# Reo - Pros And Cons



## Rob Fisher (4/4/14)

Time for pro's and cons despite the fact I have only been playing with the REO Grand for a day.

Pro's

Performance is outstanding
Awesome taste
Awesome vapour production
Looks great
The ability to switch out flavours with the little replacement bottles
The ability to customise coils and wicks
Good size and not heavy
18650 batteries (easy to carry extra batteries)
Easy to clean an maintain and all weather friendly
Low maintenance
Doesn't roll off the desk
Can be used as a dripper 
Sub Ohm
It feels and probably is indestructible

Cons

Shaking it it rattles (well the battery does) and I think something needs to be inserted to stop the battery rattle. maybe some doubled sided tape?
It could come with better instructions and maybe a little manual
The twist on/off fire button is a little annoying that it moves so easily and you press the button and nothing happens and you realise it's locked itself
Not for beginners
Squonking takes some getting used to and there is a technique to it

Bottom line is it's a real winner and you somehow feel it's the best of the best.

I'll come back in a week or two when I have some experience with it and revisit the Pro's and Cons.


----------



## TylerD (4/4/14)

Are you sure it's not the bottle rattling? 
Agree
I find it also quite annoying.
Agree
Agree


----------



## Rob Fisher (4/4/14)

TylerD said:


> Are you sure it's not the bottle rattling?
> Agree
> I find it also quite annoying.
> Agree
> Agree



Nope the bottle is quite tight... it's the battery for sure.


----------



## TylerD (4/4/14)

Rob Fisher said:


> Nope the bottle is quite tight... it's the battery for sure.


That is very weird. Both mine fit snug. Maybe @Matthee can shed some light on the issue.


----------



## Andre (4/4/14)

Cons

Shaking it it rattles (well the battery does) and I think something needs to be inserted to stop the battery rattle. maybe some doubled sided tape? I have never had that, but some Reonauts do complain thus. They take electrical tape and wrap it around, also leaving a little handle to make it easier pulling the battery out.
It could come with better instructions and maybe a little manual Agree
The twist on/off fire button is a little annoying that it moves so easily and you press the button and nothing happens and you realise it's locked itself That is because of the optional button cover. Many Reonauts do not like the button cover and throw it away - for that exact reason.
Not for beginners If you want to go RBA you have to start somewhere. In my opinion there is no easier RBA than the Reomizer.
Squonking takes some getting used to and there is a technique to it No doubt about it.


----------



## Rob Fisher (4/4/14)

Matthee said:


> Cons
> 
> Shaking it it rattles (well the battery does) and I think something needs to be inserted to stop the battery rattle. maybe some doubled sided tape? I have never had that, but some Reonauts do complain thus. They take electrical tape and wrap it around, also leaving a little handle to make it easier pulling the battery out.
> It could come with better instructions and maybe a little manual Agree
> ...



Ahhhh yes that was the other thing @vaalboy trained me on... the tape on the battery to easily get it out... and it may well stop the rattle... off to the man cave to look for tape!

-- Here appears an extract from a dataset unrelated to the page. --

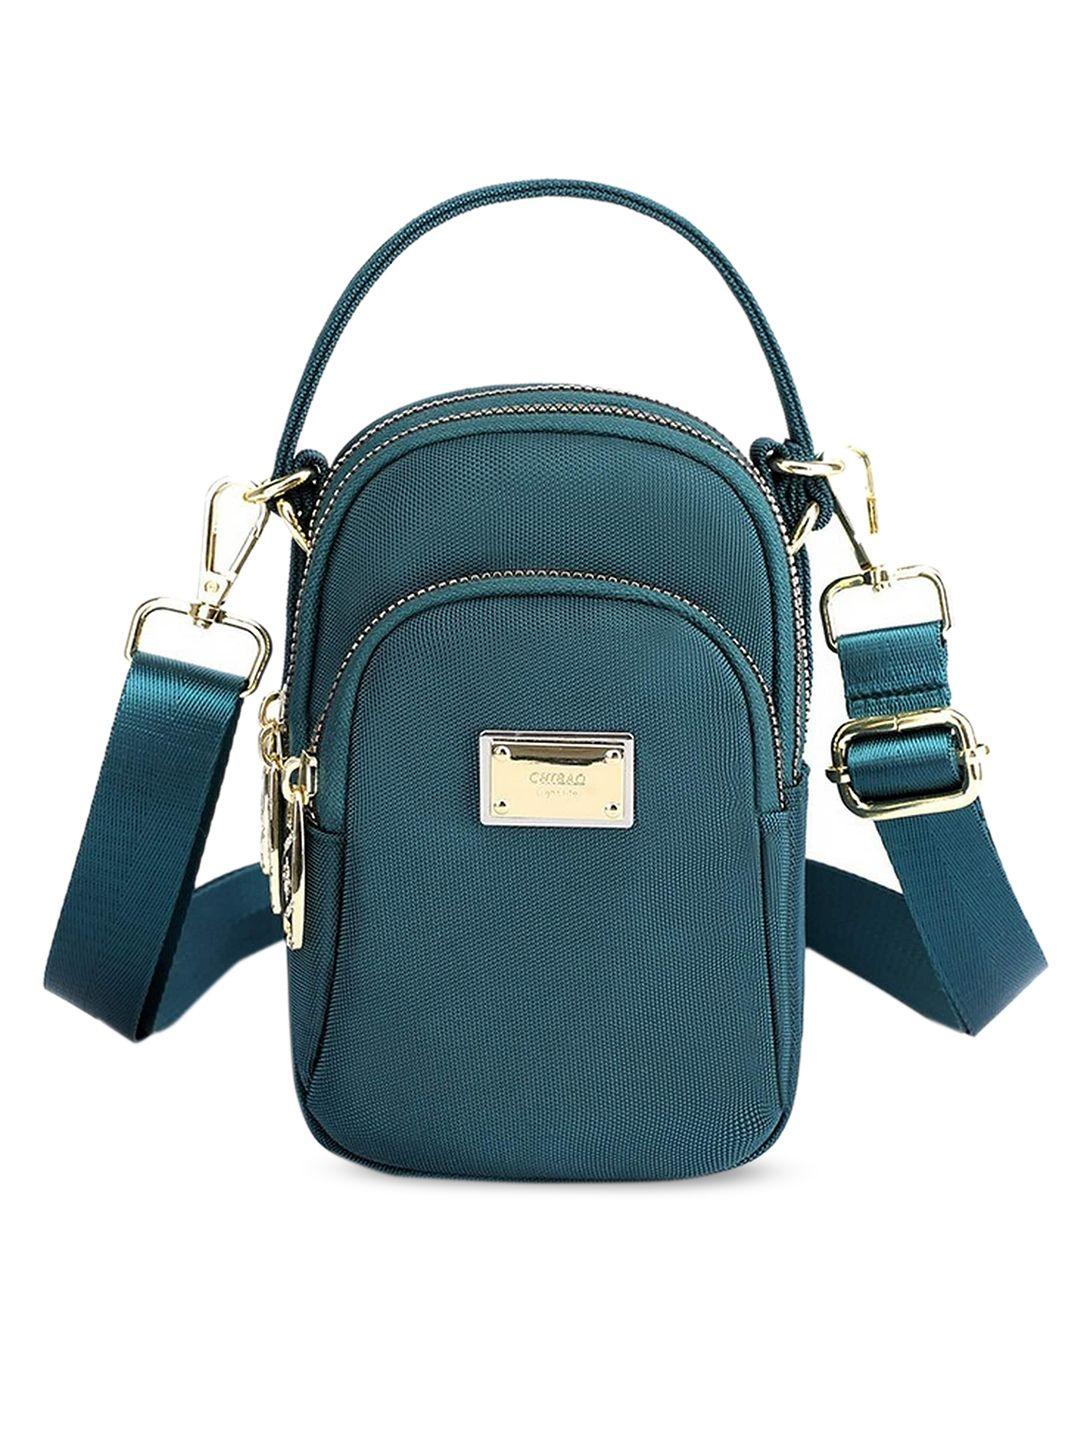 diva dale women green structured multi-pockets sling bag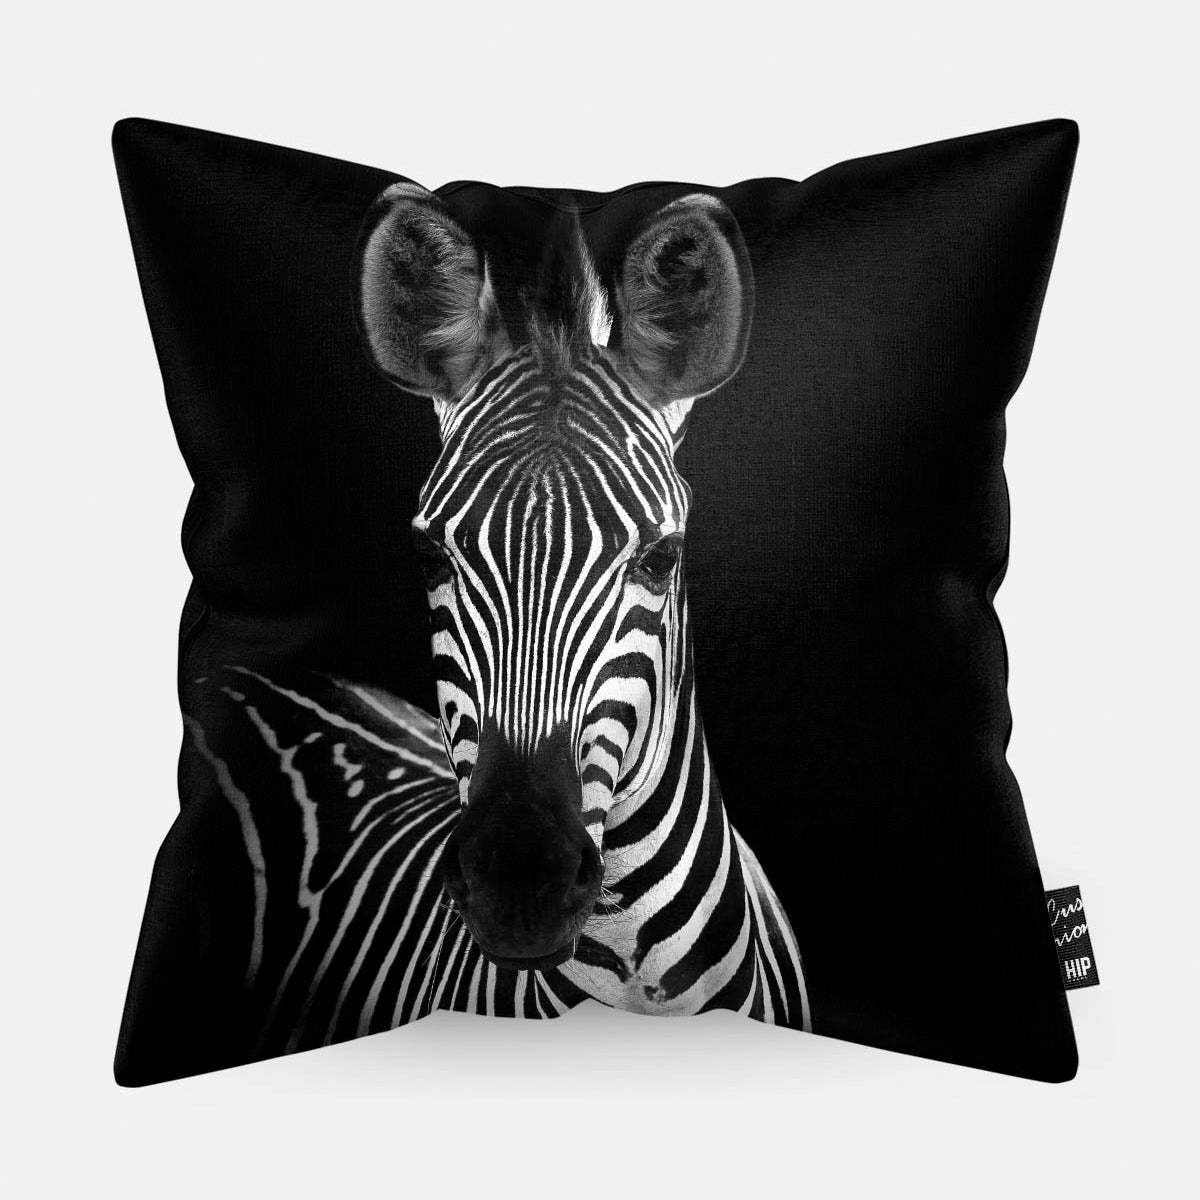 Kussen met een zebra in zwart-wit erop afgebeeld.

Ahhhh so the on/off button issue is because of my nice silver button cap I put on it... it looks much better than the little black thing so I'll learn to live with it for now.

Yip on the beginners story... I found it way easier to play with the my disaster with the Kayfun Lite.

Reactions: Like 1


----------



## Silver (7/4/14)

Good list Rob and thanks for the feedback @TylerD and @Matthee 

Do you then suggest button covers?
Is it just cosmetic or does it feel better with a cover on?


----------



## johan (7/4/14)

@Silver I think the button cover, or not to cover, is a personal "feel thing" - I played a bit with TylerD's two - one had a button cover and the other one was without button cover - the press action is so soft that I personally thinks that a button cover is only required for cosmetic looks rather than functionality. I suggest if you place order get a button cover and then you can decide for yourself.

Reactions: Like 1


----------



## vaalboy (7/4/14)

My personal preference is definitely a button cover. Besides the aesthetic appeal, I lock mine frequently and its just easier to turn the nob with the cover on.

Reactions: Like 1 | Agree 1 | Informative 1


----------